Reading
**Excavating AI: The Politics of Images in Machine Learning Training Sets by Kate Crawford and Trevor Paglen.**
- “Automated interpretation of images is an inherently social and political project, rather than a purely technical one”
- relationship between image + meaning is very nuanced and complex
- 3 layers: (The Japanese Female Facial Expression(JAFFE) Database)
- overall taxonomy(ex. facial expressions depicting the emotions of Japanese women)
- individual classes(ex. happiness, sadness, surprise, disgust, fear, anger, neutral etc)
- individually labeled image(content ex. a woman looking surprised)
- ImageNet- “map out the entire world of objects”
- synsets, representing a distinct concept, organized into nested hierarchy
- “Chair”→ artifact > furnishing > furniture > seat > chair
- Restricted to nouns
- Assumptions under visual AI systems
- concepts are fixed, universal, and consistent
- fixed and universal correspondences between images and concepts
- Uncomplicated and measurable ties between images, referents, labels
- All concrete nouns are created equally, abstract nouns also express themselves concretely/visually(ex. anti-Semitism)

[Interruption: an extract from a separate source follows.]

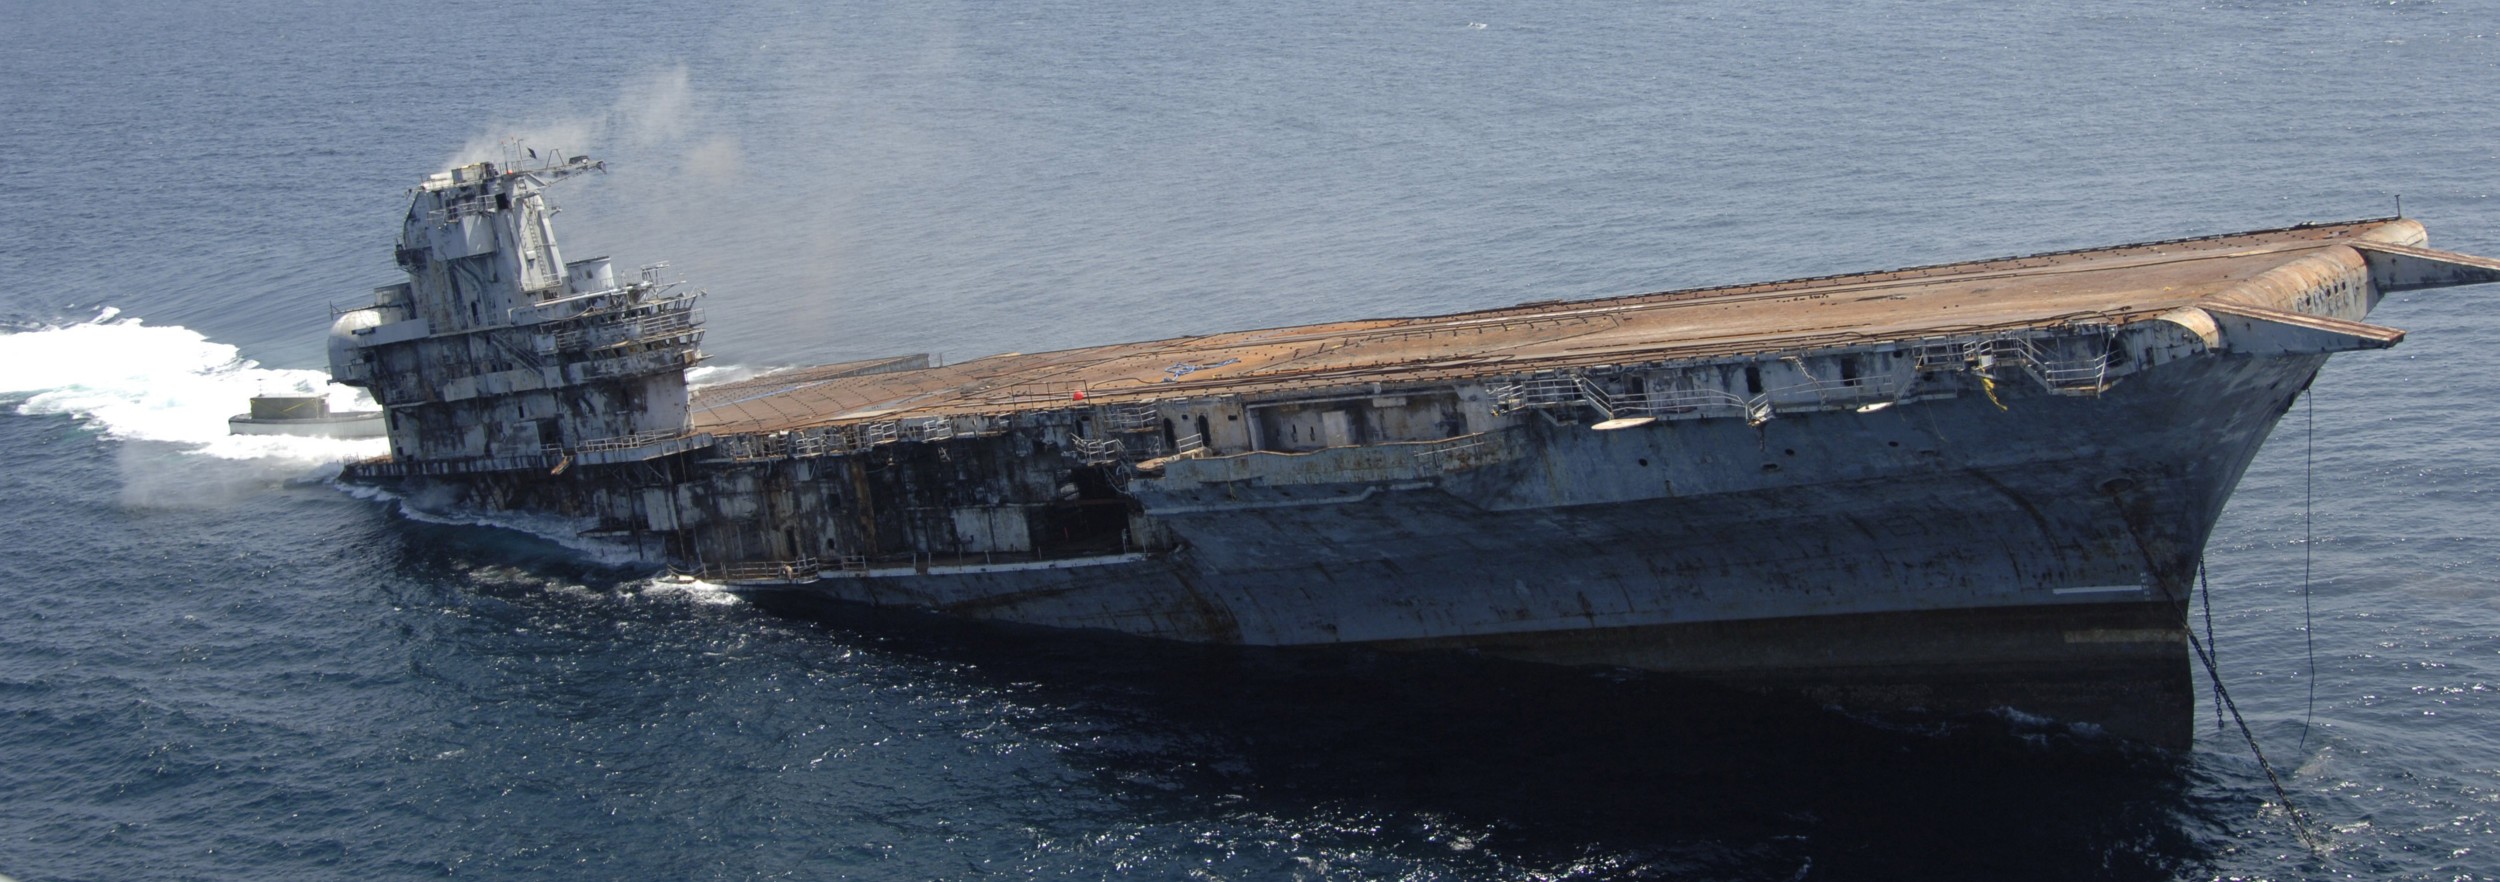 cv-34 uss oriskany essex class aircraft carrier us navy sinking artificial reef off florida 124

Reflect on the relationship between labels and images in a machine learning image classification dataset. Who has the power to label images and how do those labels and machine learning models trained on them impact society?
- “Ceci n’est pas une pipe” emphasizes that labels do not always reflect truths and meanings of images
- Some images are mimicking/performed(image of woman with angry expression is not the same as woman mimicking angry expression)

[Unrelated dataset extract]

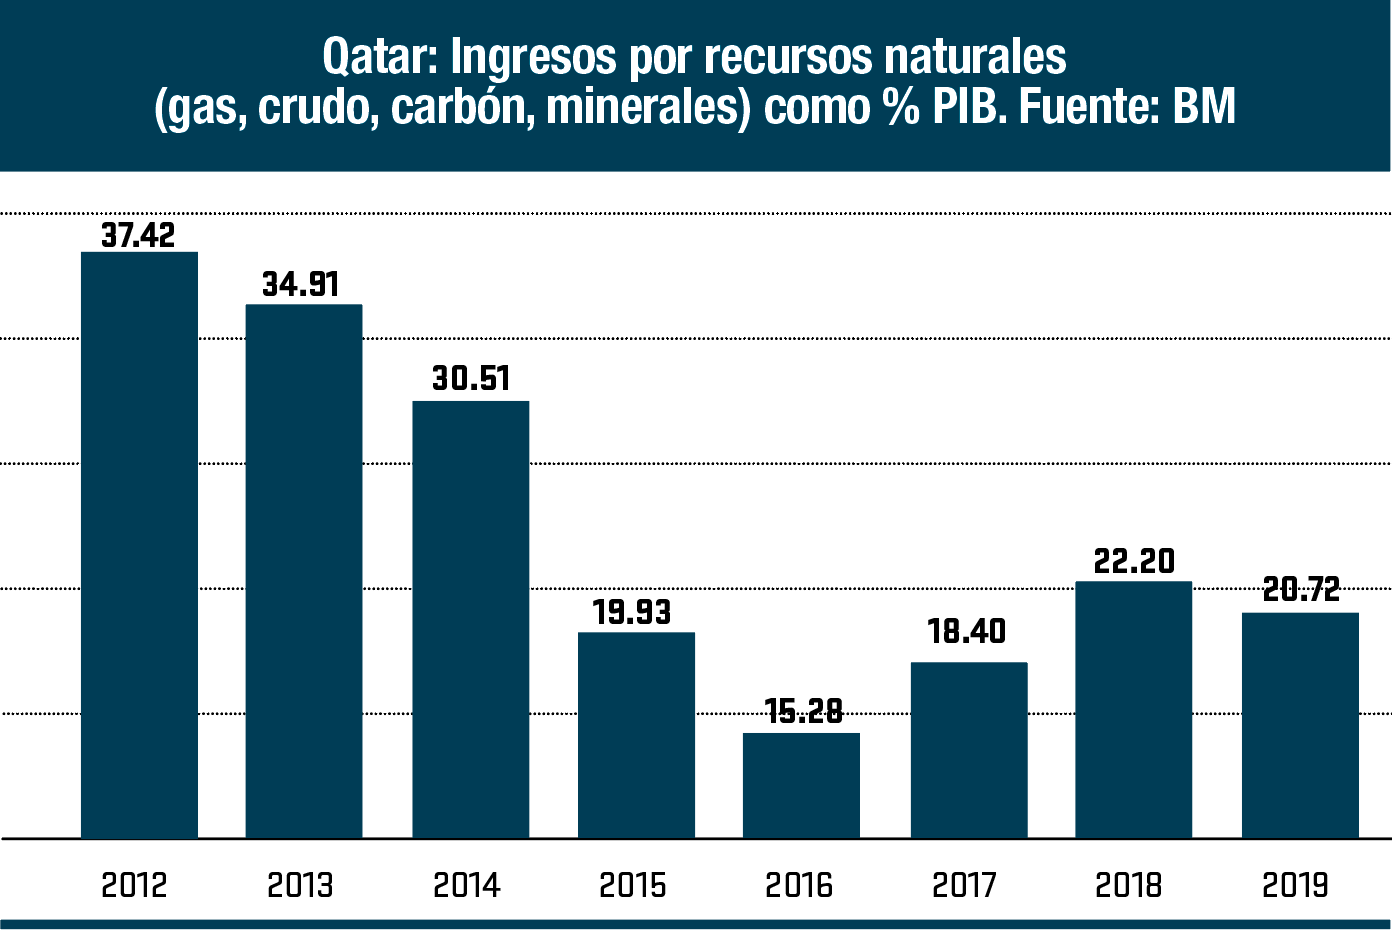 Gráfico de barras verticales: "Qatar: Ingresos por recursos naturales (gas, cruso, carbón, minerales) como % PIB", desde 2012 hasta 2019.

- Researchers, developers, corporations hold the power to shape the meaning of visual data
- These labels hold biases which are applied to ML models → impact how AI classifies/perceives the world, which are integrated into the world- hiring, education, healthcare, etc
Making
This week, I was inspired by the “this or that” filters on Instagram, Snapchat, TikTok, etc. These filters present users with 2 options, and users can choose their preference by performing specific gestures or actions such as tilting their head or pointing.
I decided on a dog themed game where users narrow down their favorite dog breed from 4 options using hand gestures, detected and classified by Teachable Machines.
How it works:
- Users use an open hand to select the right option and a closed fist to select the left option.
- Users hold their hand gesture and click the “next round” button to make their choice and advance to the next round.